I Spy With My Little Eye
Entrenched in the quest for ultimate privacy and security, teens may demonstrate suspicious behavior. Albeit some suspicions turn out to be unfounded; some parents find their teen’s covert actions less than honorable. There is a simple, time-tested rule of thumb to help you determine if you should spy on him when he’s hanging out with friends. If you think something inappropriate is happening, trust your instincts.
According to research conducted by the YMCA and Planned Parenthood, in more than 50 percent of instances of teen sexual activity and 75 percent of teen substance use, parents were suspicious of their child’s actions for at least six weeks prior to discovering that their suspicions were correct.
Spread His Wings Slowly
Even though he’s recognizing his impending adulthood, much to your teen’s dismay, he still is a child. You should know where he’s going and who he’s going with. Allowing some freedom is an important step toward his decision making ability and independence. Additionally, critical to his development is an understanding of the importance of respecting household rules and expectations.

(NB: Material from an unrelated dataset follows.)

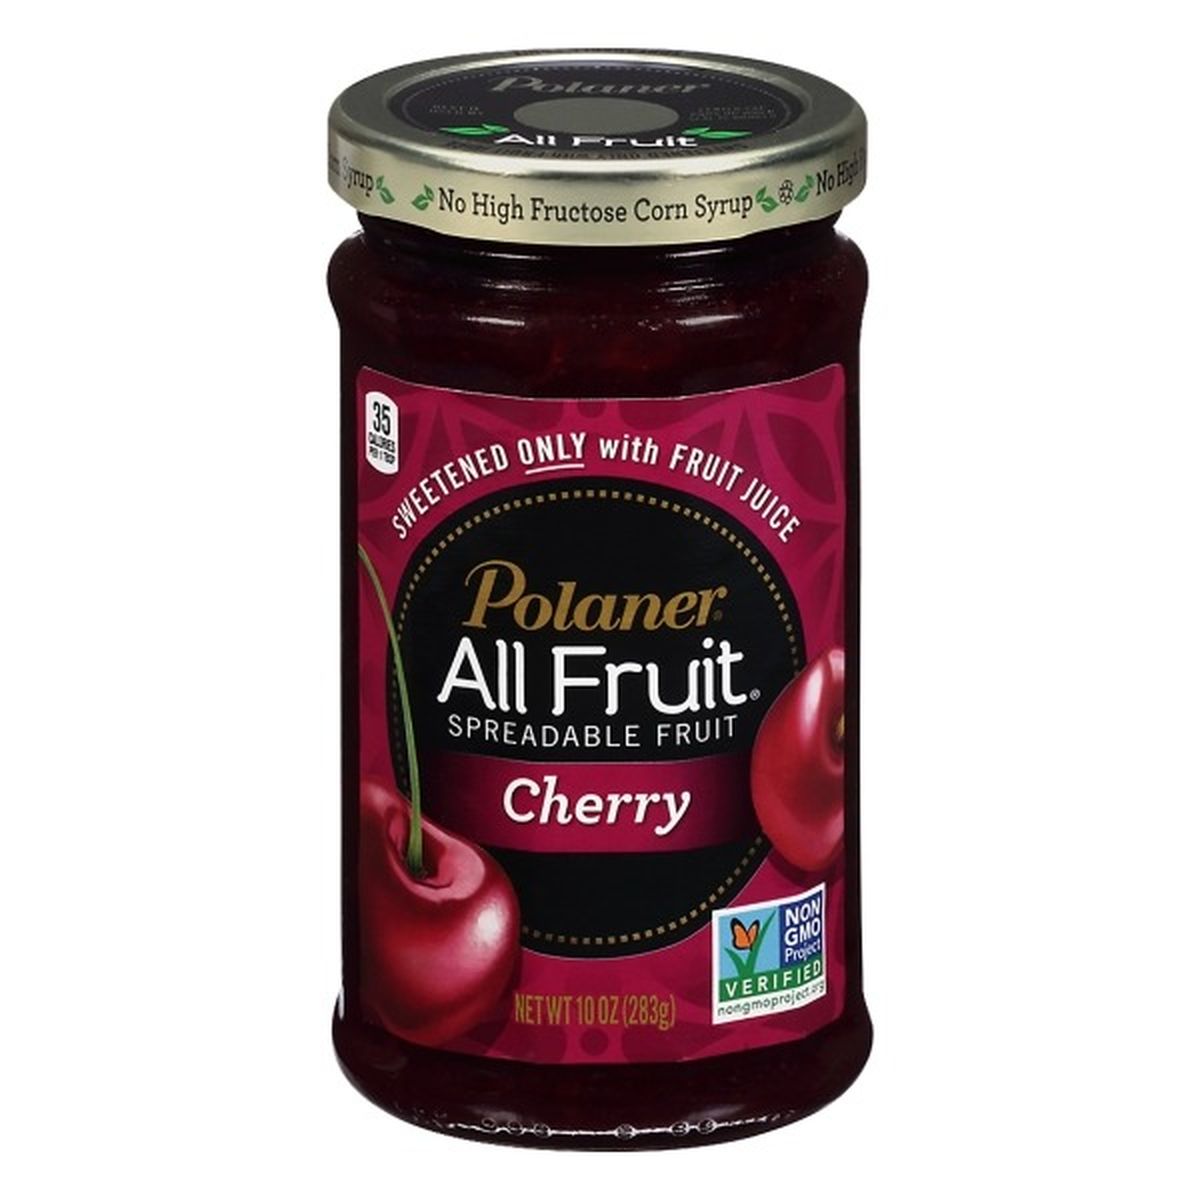 Calories in Polaner All Fruit Spreadable Fruit, Cherry

If he’s set on going out with a group of friends, make sure he respects your expectations. Since safety is always a concern, he should inform you of significant changes in his destination and should understand the importance of pre-set curfews. Allowing your junior high school child to go to the movies with friends can feel far more auspicious to you than your child. Reiterating basic safety precautions and household rules helps both of you transition to this stage.
Remember, to your teen, hanging out is the adult version of getting out with friends, seeing and being seen. Allow your kids to be a part of the community around them and encourage positive participation.

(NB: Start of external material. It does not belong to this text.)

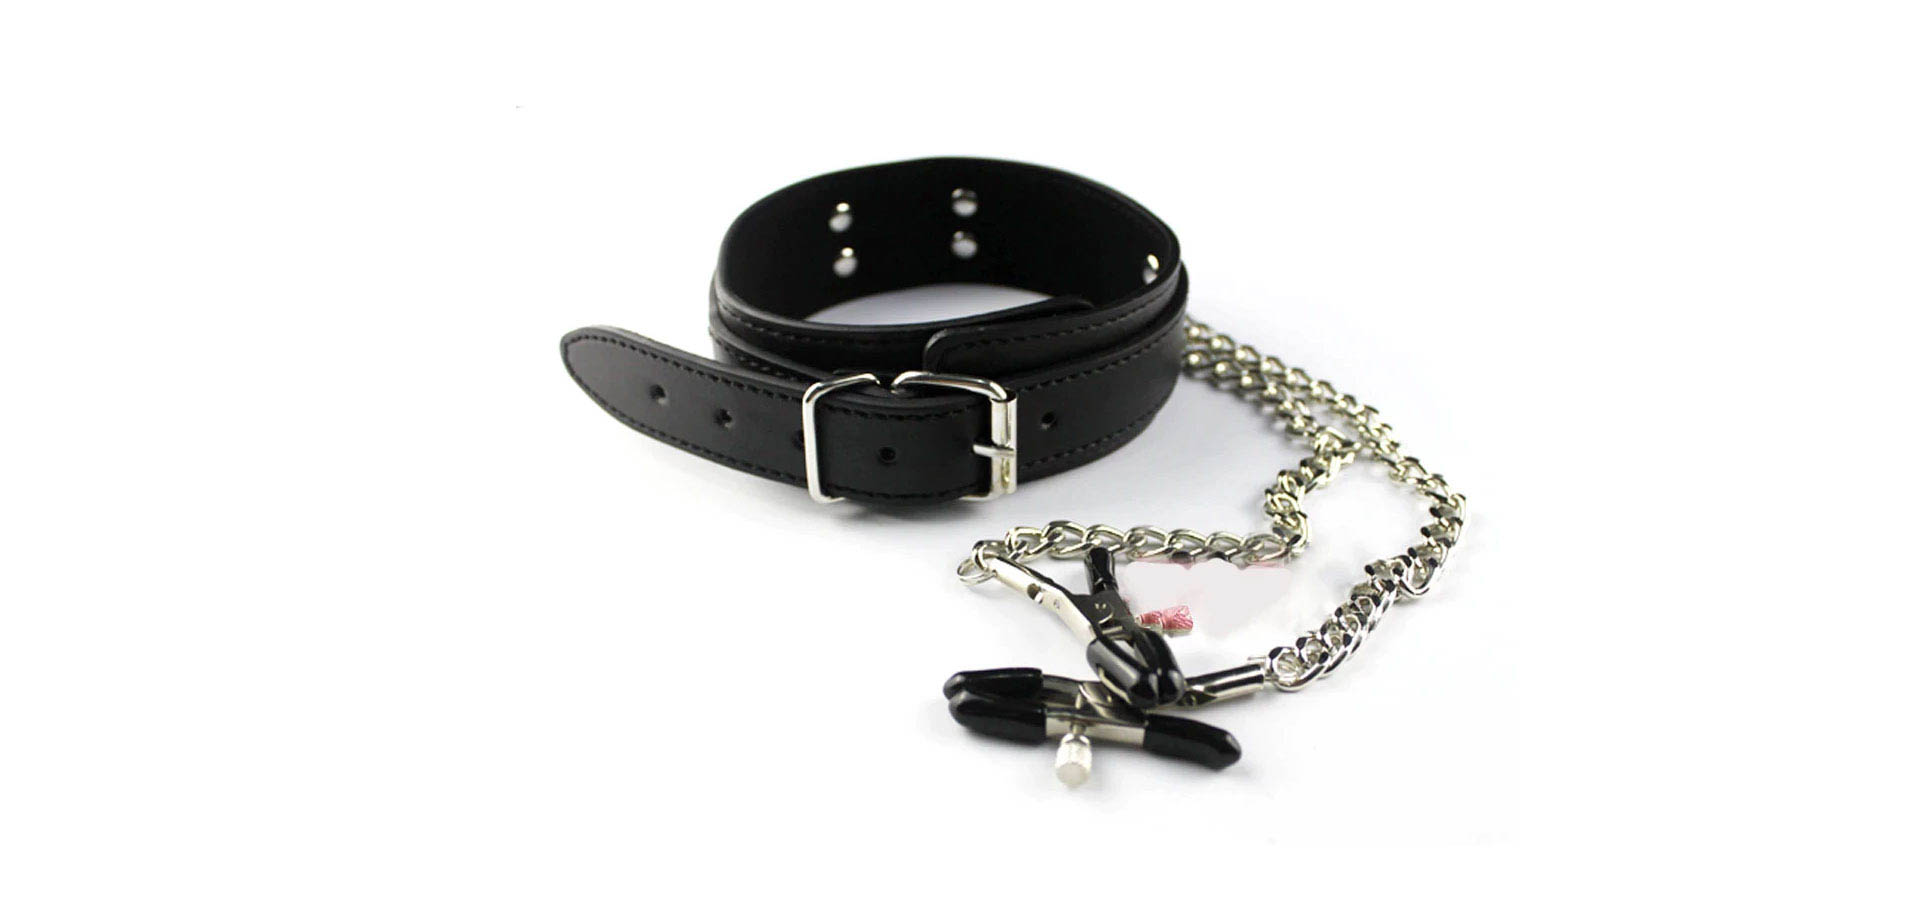 Leather Bondage Collar with Nipple Clips.

Gina Roberts-Grey is a licensed clinical social worker, freelance writer and mother.
- Know that teens will challenge, test, push and pull their way toward independence.
- Striking the right balance is the trick in making sure you support your teen’s efforts toward independence while making sure he doesn’t bite off more than he can chew.
- Encourage adolescents to make as many of their own decisions as they safely can. One great way to do this is to provide an allowance for learning how to use it wisely.
- Draw teens into family decision making.
- Let your teen know that he can have as much independence as he wants as long as he exhibits responsible behavior and follows reasonable limits (set by both of you) and as long as he accepts the consequences of his behaviors.